* **ACTION ITEM**: Required from the data below: the exact lines starting at the line containing "Eine Menschenmenge sammelt" and ending at the line containing "Energielabel Steenzicht 13 Den Haag", with both ends kept and all pictures dropped.

* **EXTRACTED MATERIAL**:

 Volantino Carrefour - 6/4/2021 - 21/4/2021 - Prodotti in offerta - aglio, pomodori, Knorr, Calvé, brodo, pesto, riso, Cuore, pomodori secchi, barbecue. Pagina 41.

...

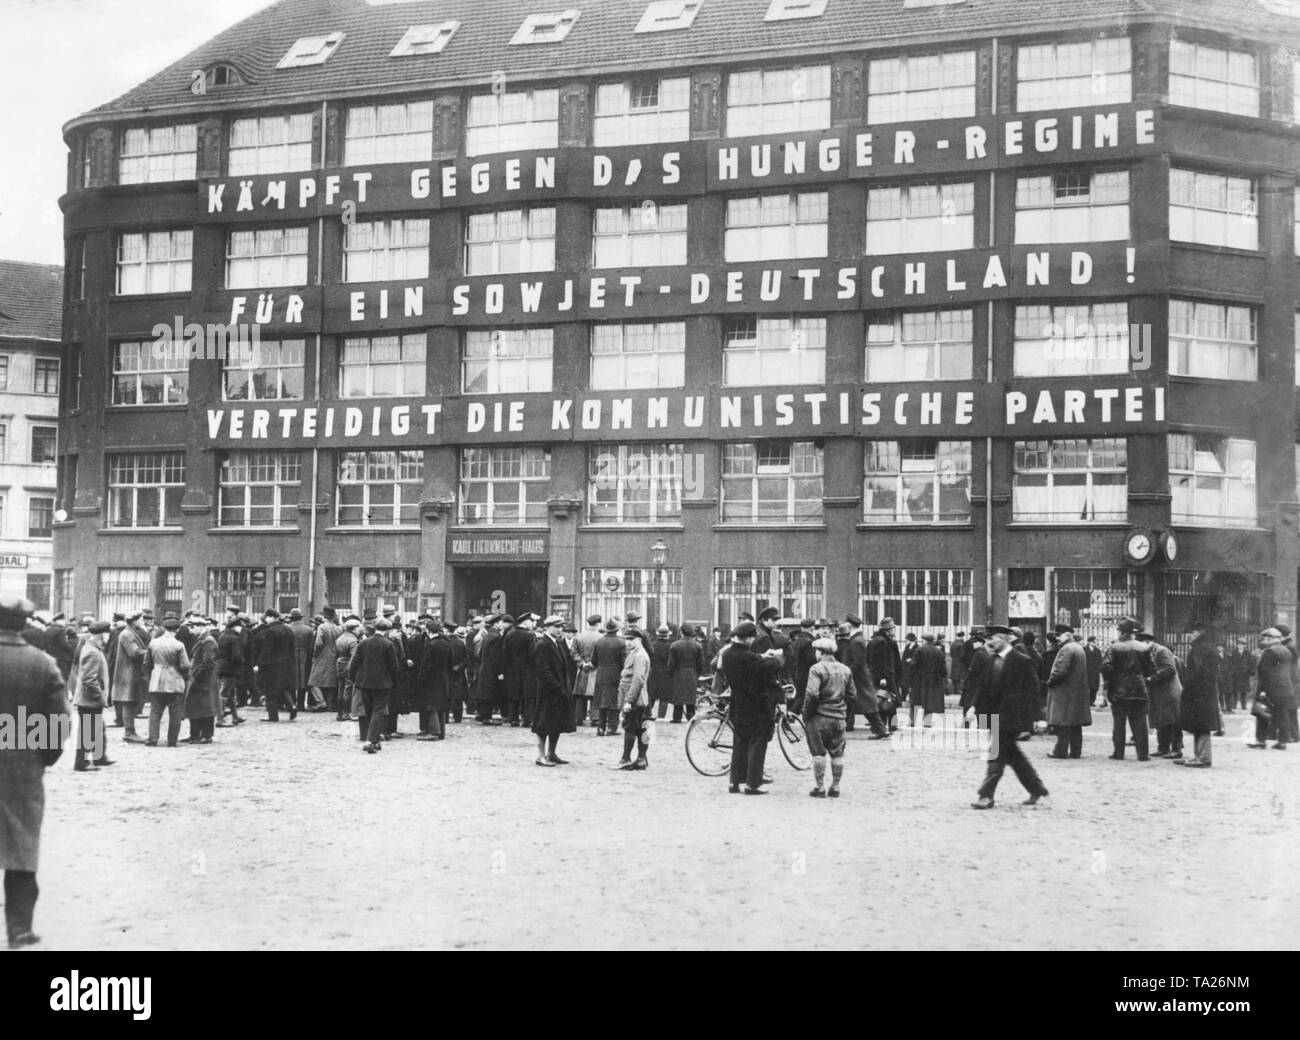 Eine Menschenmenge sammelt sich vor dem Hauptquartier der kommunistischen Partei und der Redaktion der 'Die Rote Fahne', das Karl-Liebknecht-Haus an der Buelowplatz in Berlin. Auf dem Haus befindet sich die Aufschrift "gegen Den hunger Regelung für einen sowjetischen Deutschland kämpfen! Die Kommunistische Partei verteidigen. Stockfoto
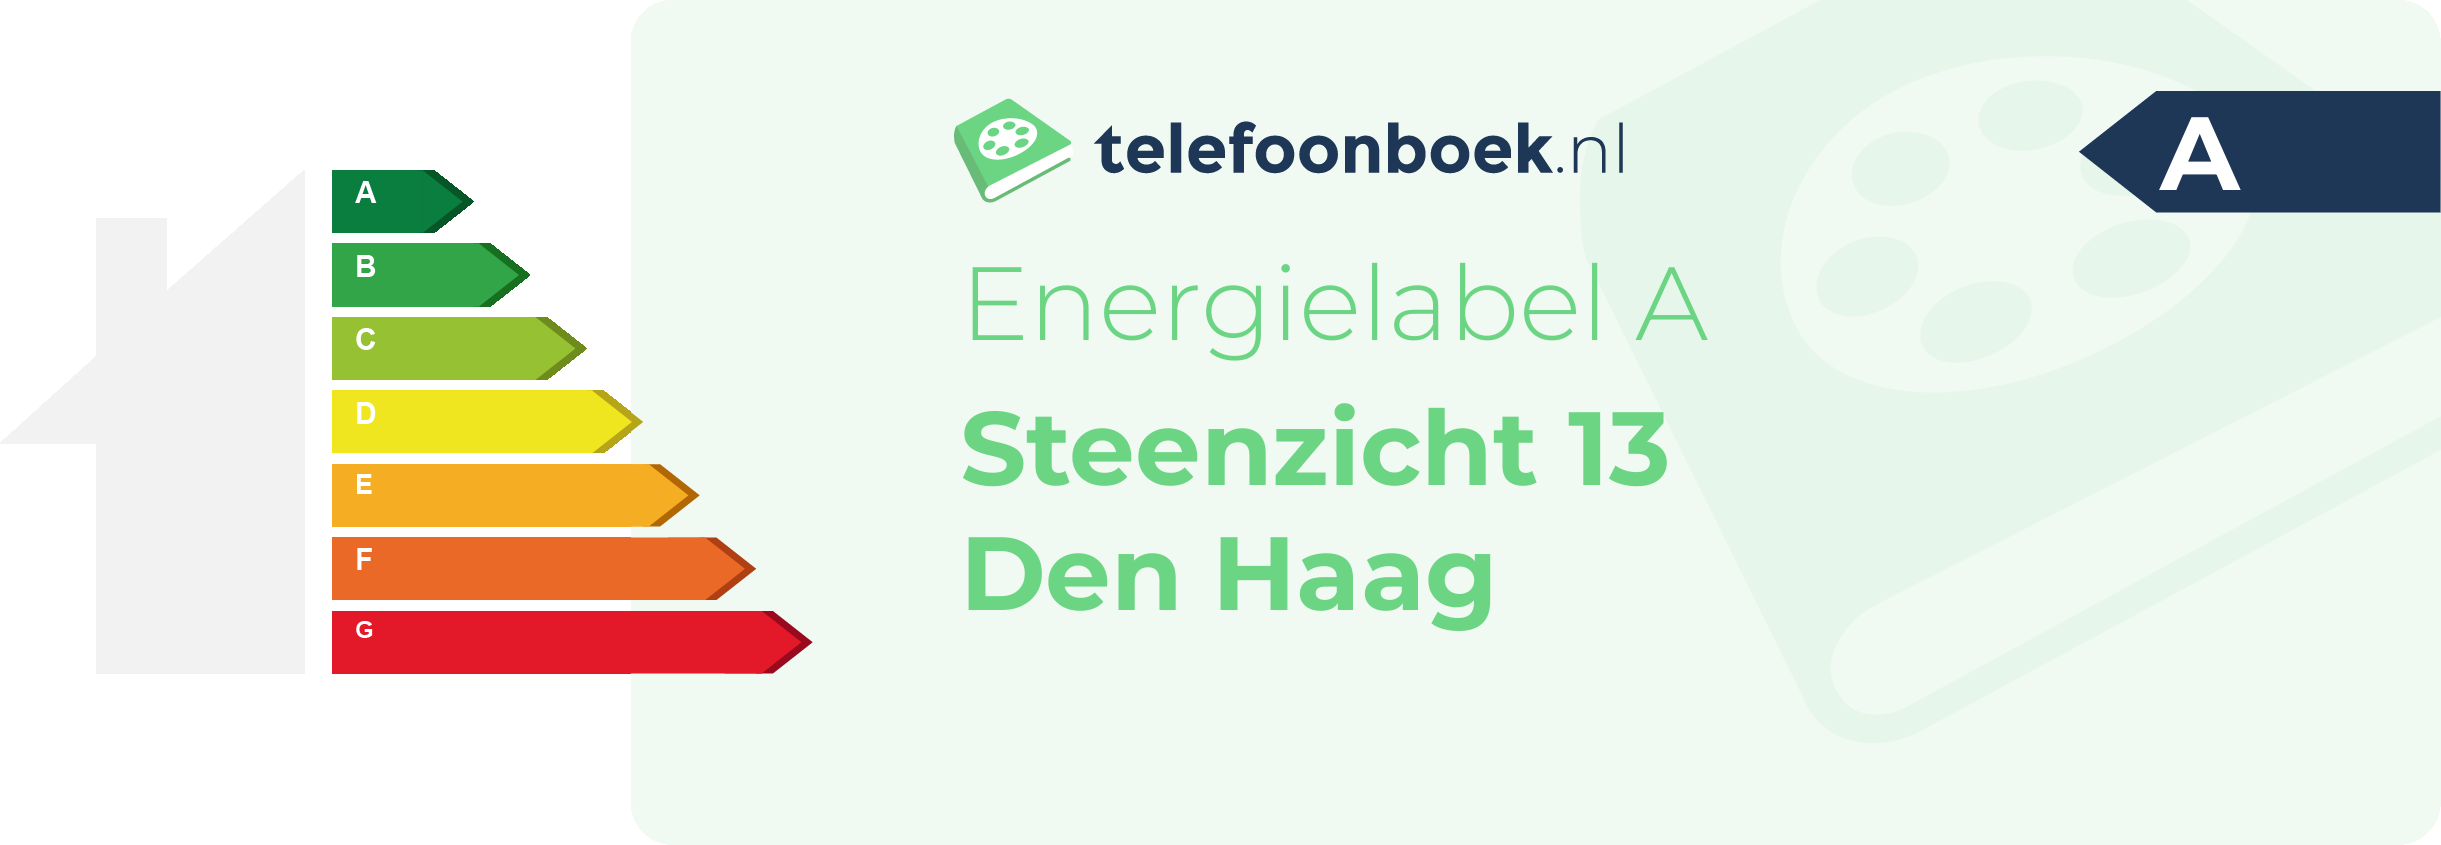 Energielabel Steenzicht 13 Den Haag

...

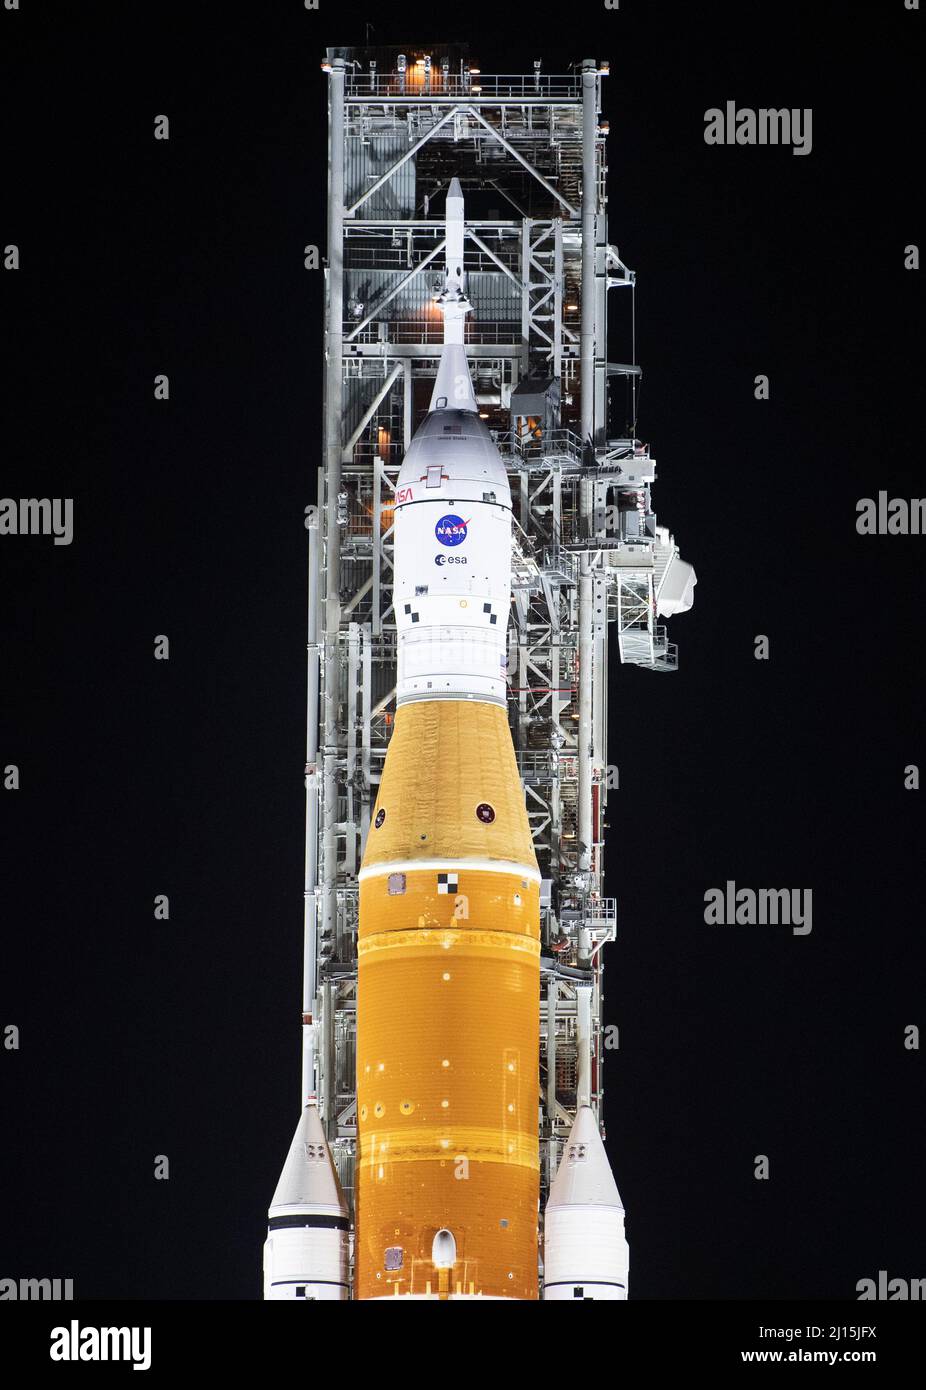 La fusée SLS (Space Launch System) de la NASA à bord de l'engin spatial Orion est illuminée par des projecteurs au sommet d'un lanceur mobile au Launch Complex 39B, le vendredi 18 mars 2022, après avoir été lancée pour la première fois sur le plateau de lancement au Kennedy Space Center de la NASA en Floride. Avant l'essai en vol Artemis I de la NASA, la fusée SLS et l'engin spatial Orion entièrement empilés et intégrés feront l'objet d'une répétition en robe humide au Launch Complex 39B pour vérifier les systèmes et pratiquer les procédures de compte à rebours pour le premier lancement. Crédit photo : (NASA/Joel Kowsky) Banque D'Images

* **OUTPUT FOR THIS EXERCISE**:
 Eine Menschenmenge sammelt sich vor dem Hauptquartier der kommunistischen Partei und der Redaktion der 'Die Rote Fahne', das Karl-Liebknecht-Haus an der Buelowplatz in Berlin. Auf dem Haus befindet sich die Aufschrift "gegen Den hunger Regelung für einen sowjetischen Deutschland kämpfen! Die Kommunistische Partei verteidigen. Stockfoto
 Energielabel Steenzicht 13 Den Haag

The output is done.